This is a venue appeal. Plaintiff sued to recover on a fire insurance policy covering personal property which he alleged had been damaged or destroyed by fire during the policy period. Suit was brought in Angelina County under allegations that the defendant-insurer had issued the policy in Angelina County through a local recording agent, although the property insured was situated in Harris County.
Defendant’s amended plea of privilege contained the usual allegations found in the first paragraph of Rule 86 and contained additional matter: (a) that venue did not lie in Angelina County under subdivision 27 of Art. 1995, Vernon’s Ann.Civ.St., but was in Harris County under either subdivisions 23 or 28; (b) a verified denial of the filing of proper proofs of loss; and (c) factual matters which would normally be appropriate in a plea of forum non con-veniens, if such a plea existed in our state practice.
Plaintiff’s controverting plea sought to maintain venue only under subdivision 27, Art. 1995, V.A.C.S. Upon the hearing, plaintiff proved the issuance of the particular policy in Angelina County by the local recording agent and introduced the policy in evidence. Defendant proved, as plaintiff had alleged, that it was a foreign corporation having a permit to do business in Texas. Plaintiff did not attempt to prove a cause action nor did he offer evidence on the issue of proof of loss, if such was an issuable fact upon the venue hearing, The trial court overruled the plea of privi-leSe and the appeal follows.

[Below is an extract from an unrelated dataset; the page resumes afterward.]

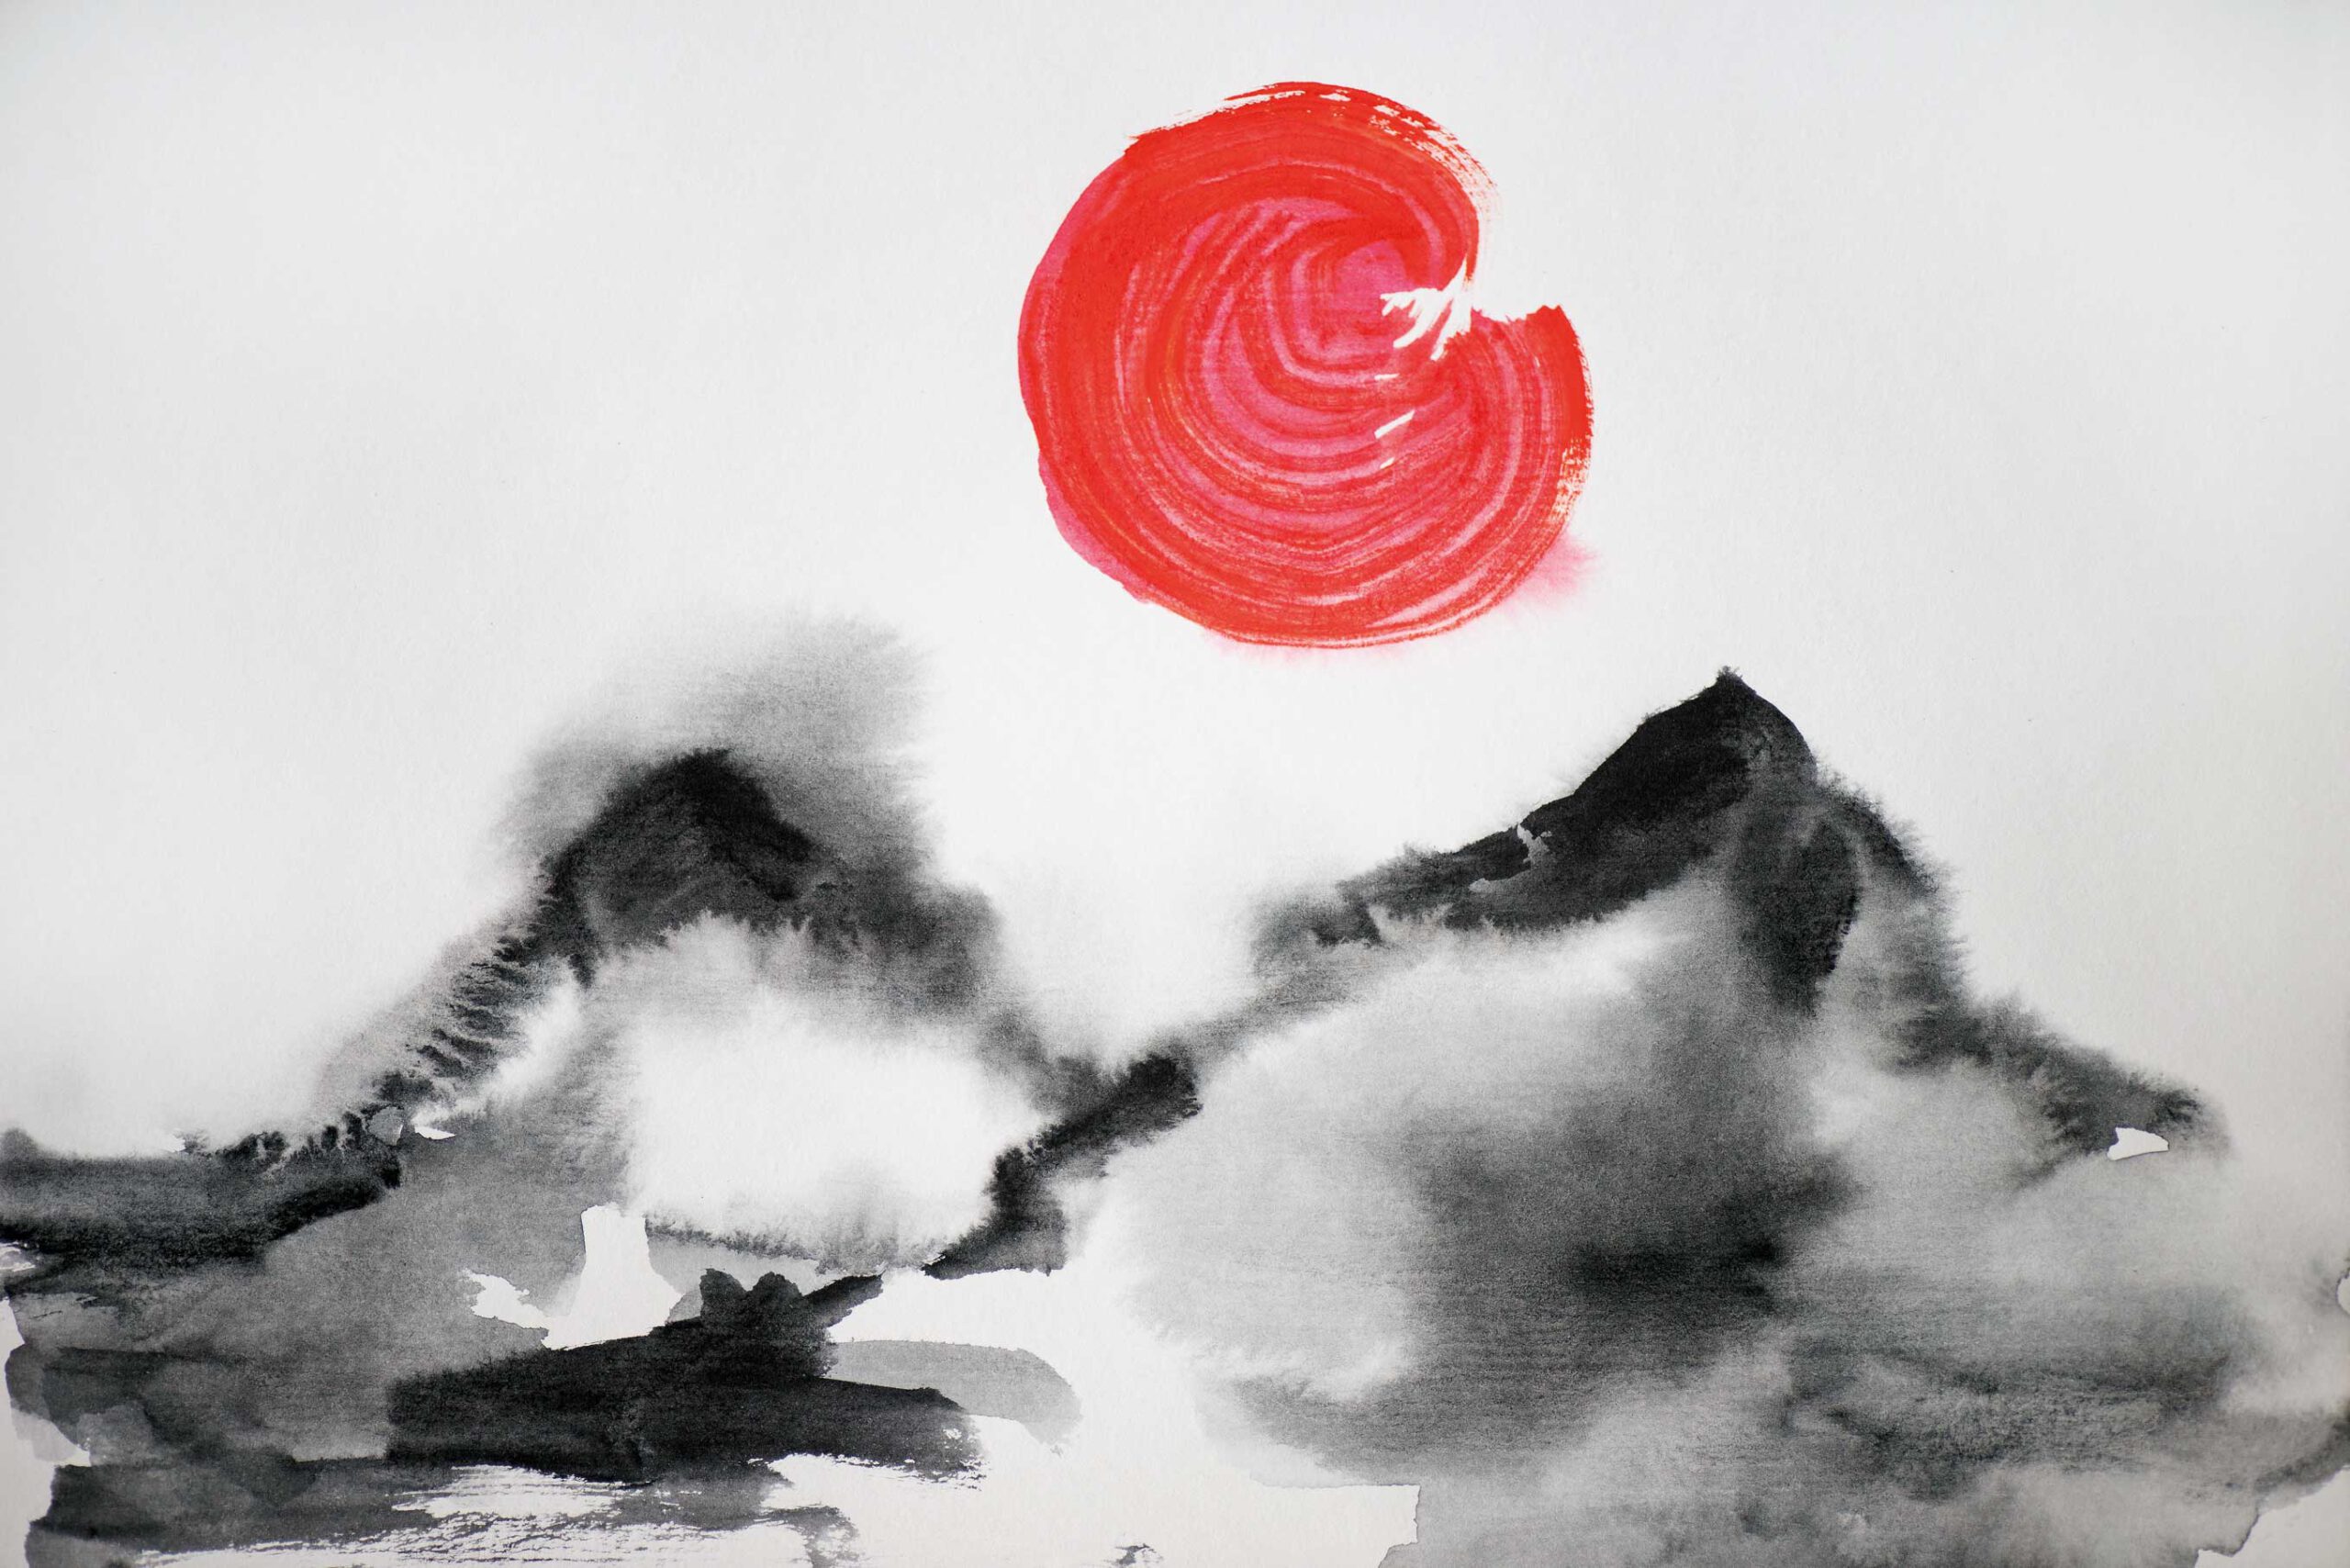 Japanisches Gemälde. Zwei Berge in grau und schwarz. Die Sonne in rot.

Defendant has an ingenious argument that subdivision 27 is inapplicable, saying that subdivision 23 “applies to domestic and foreign corporations authorized by permit to do business in this State while section 27 of Article 1995 applies to foreign corporations doing business in this State but without permit or authorization.” It then says that we should so construe the 1943 amendment to subdivision 23 to accomplish such a result; “or, alternatively, the 1943 amendment to Section 23 amended Section 27, by implication, so that Section 27 only applied to foreign corporations doing business in Texas without permit.”
This court is committed to the proposition that, under subdivision 27, all a plaintiff need prove upon a venue hearing in a suit against a foreign insurance company having a permit to do business in Texas is that it had a recording agent in the county of suit. Hanover Insurance Company v. Sanford, 457 S.W.2d 115 (Tex.Civ.App., Beaumont, 1970, no writ). The views of the writer as to the discriminatory result of the 1943 amendment to subdivision 23 as against foreign insurance companies having permits to do business in Texas are set out in Sanford (457 S.W.2d at 119).
In Humble Oil &' Refining Co. v. Preston, Tex.Civ.App., 487 S.W.2d 956 (not yet reported, opinion released November 22, 1972), we again reviewed the constitutional issues posed by the two subdivisions and we declined the invitation to overrule the decision of the Supreme Court in Commercial Ins. Co. of Newark, N. J. v. Adams, 369 S.W.2d 927 (Tex. 1963). We refer to the Sanford and Preston Cases which follow the Supreme Court decision in Adams for the reasons supporting our action.
*616We find no ambiguity in the amendment to subdivision 23 nor any legislative intent that the requirement of the proof of a cause of action therein inserted was to be applied to corporations subject to subdivision 27. Defendant’s attempt to make subdivision 27 applicable only to foreign corporations doing business without a permit must fail under the rationale of the Houston court in the underlying opinion in Adams (Tex.Civ.App., 366 S.W.2d 801, 808). In this instance, the Supreme Court said, “We are in agreement with the decision of the Houston Court of Civil Appeals in this case.” (369 S.W.2d at 927)
The two subdivisions, as construed by the courts in Adams, do not disclose any ambiguity therein nor unconstitutional infirmity in the 1943 amendment to subdivision 23. Under such circumstances, this court is in no position to “construe” the statute in the manner sought by defendant. Cf. Bichsel v. Carver, 159 Tex. 393, 321 S.W.2d 284, 286 (1959), wherein the court noted: “The wisdom of the provision is a legislative matter.” So it is in this instance.
Having reviewed the record and finding no error, the judgment of the trial court is in all things affirmed.